Total mutual fund folios rose to 26.12 crore in December 2025, with retail mutual fund folios across equity, hybrid, and solution-oriented schemes climbing to 20.28 crore. The structural shift toward retail participation in equity markets — long discussed, often premature as a claim — is now supported by hard numbers across multiple data series.
The structural change, and what it still cannot fix
Dr. Hasan is careful to frame what AI has achieved in precise terms: “The use of AI in financial markets has caused a structural change for the Indian investor, who may now obtain strategic insights without the assistance of an institutional research desk or wealth manager.”
That structural change, though, is not uniform in its benefits. The SEBI data on F&O losses is a reminder that access to tools is not the same as the wisdom to use them. The most active traders are under 30 years of age and earn less than Rs 5 lakh a year, with many having started trading post the COVID-19 pandemic, driven by easy access through mobile apps and online influencers.

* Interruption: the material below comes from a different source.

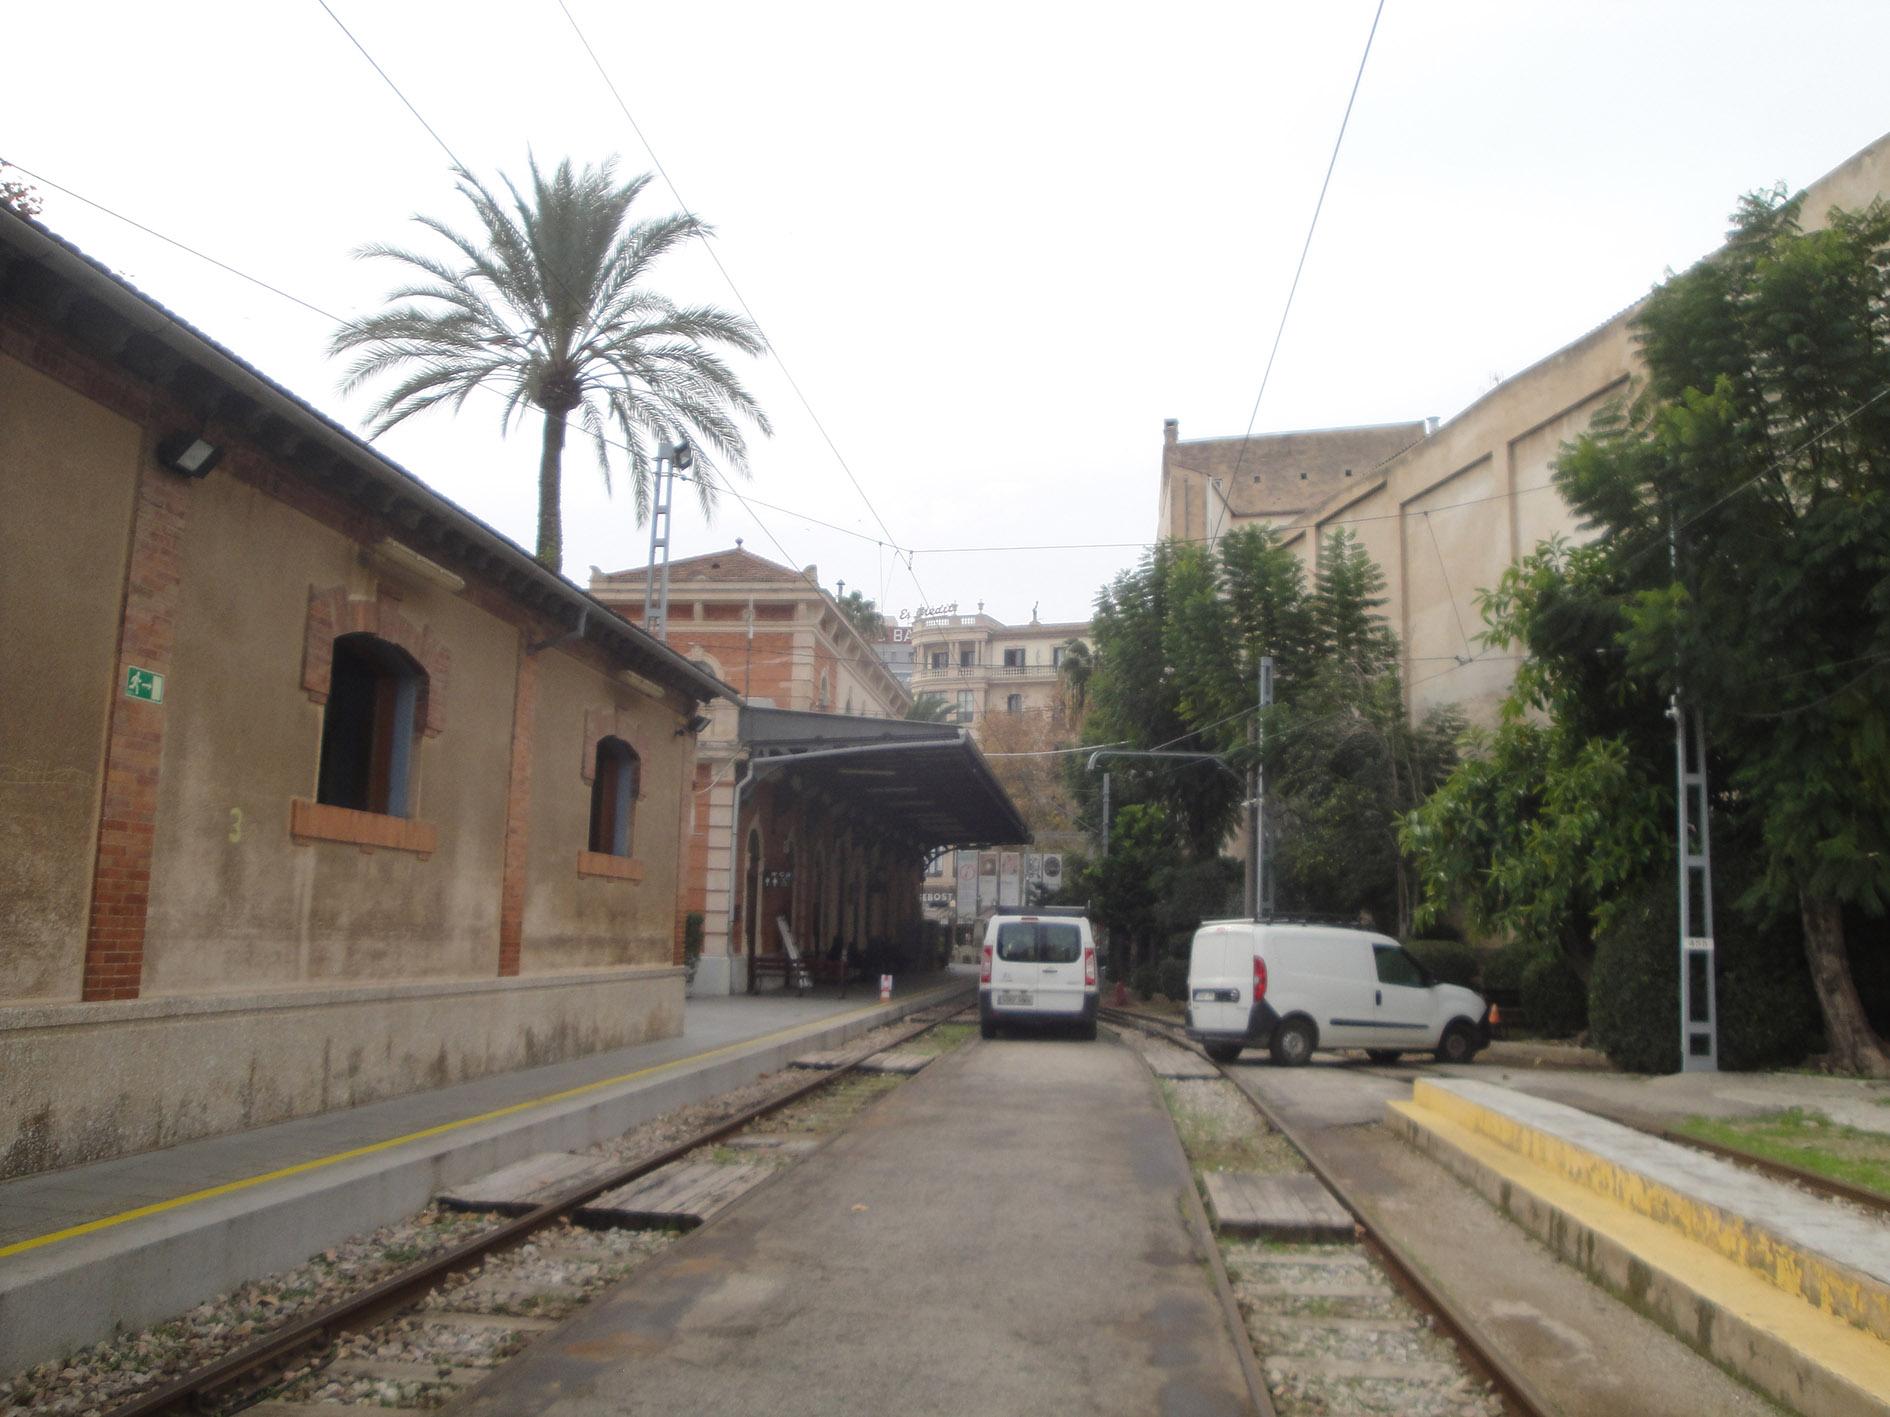 26.12.2019 Tren de Sóller  Palma de Mallotca -  Jordi Bibià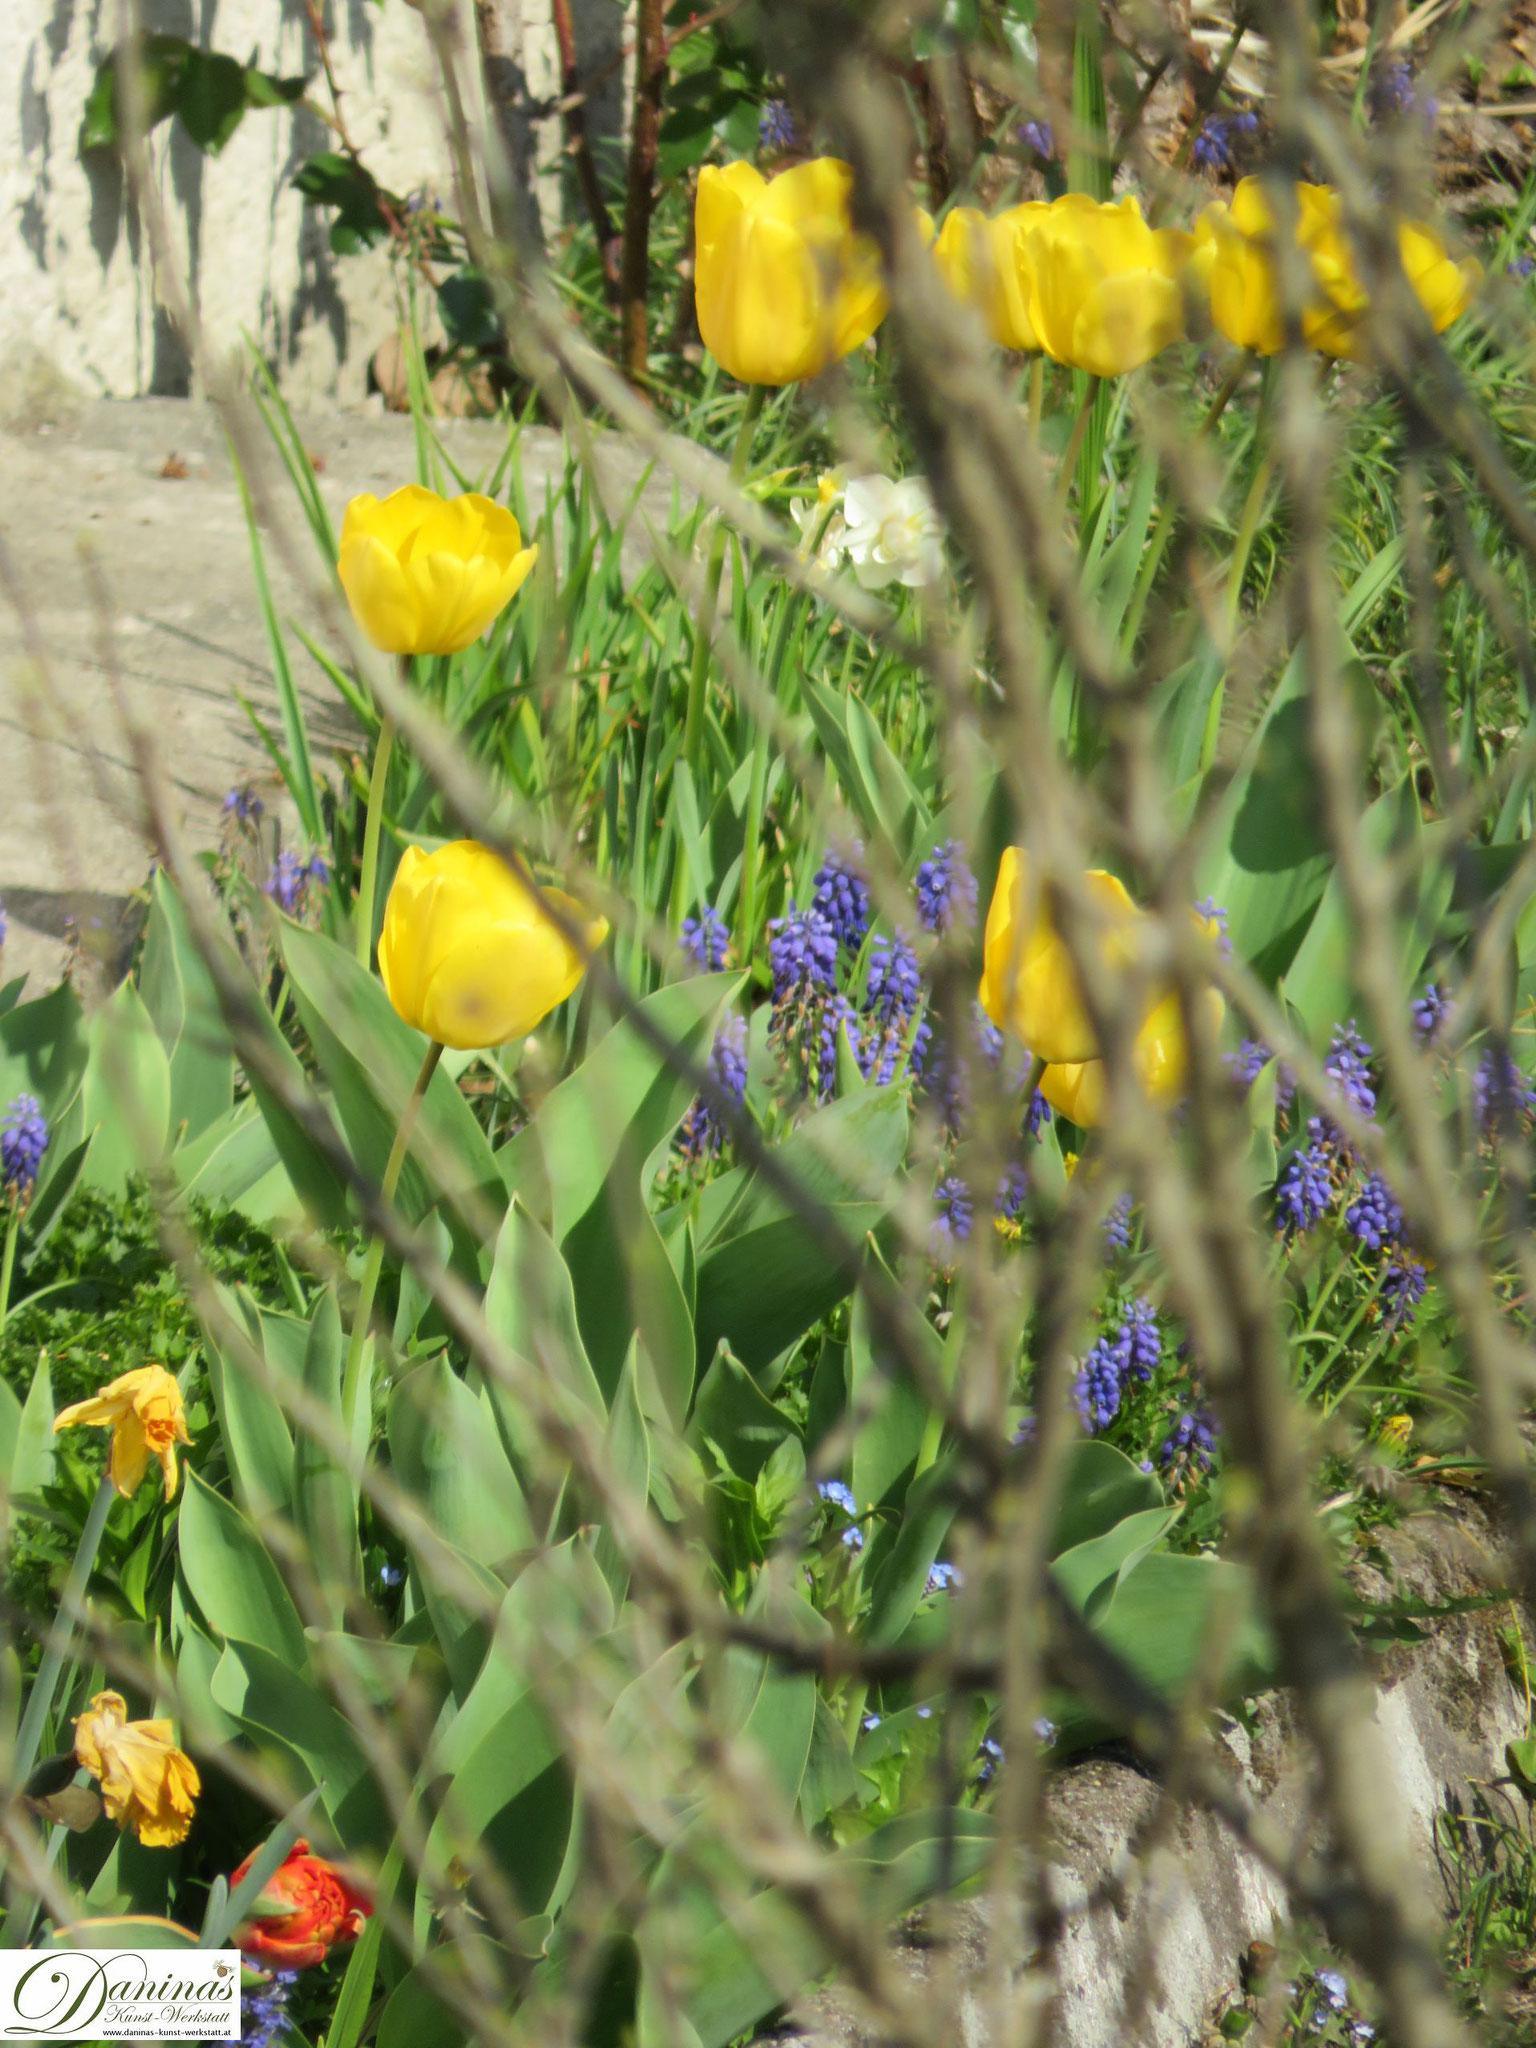 Garten im Frühling - Frühlingsblumen im Beet. Gelbe Tulpen und Traubenhyazinthen

The paradox is genuine: the same digital infrastructure that enables AI-powered, disciplined investing also enables frictionless access to high-risk speculation. The tools are available. The judgment is still being formed.
Dr. Roy puts it this way: “The use of AI-based digital advisory services is especially growing among Gen Z investors in India. AI-driven platforms help provide objective insights that reduce impulsive investment decisions influenced by peer pressure or social media trends.”
For Sarawagi, the honest accounting of where AI ends and human judgment begins is the more important conversation. “AI can improve speed, analysis, and accessibility, but trust in financial decision-making is still built through context, accountability, and a deeper understanding of individual goals.”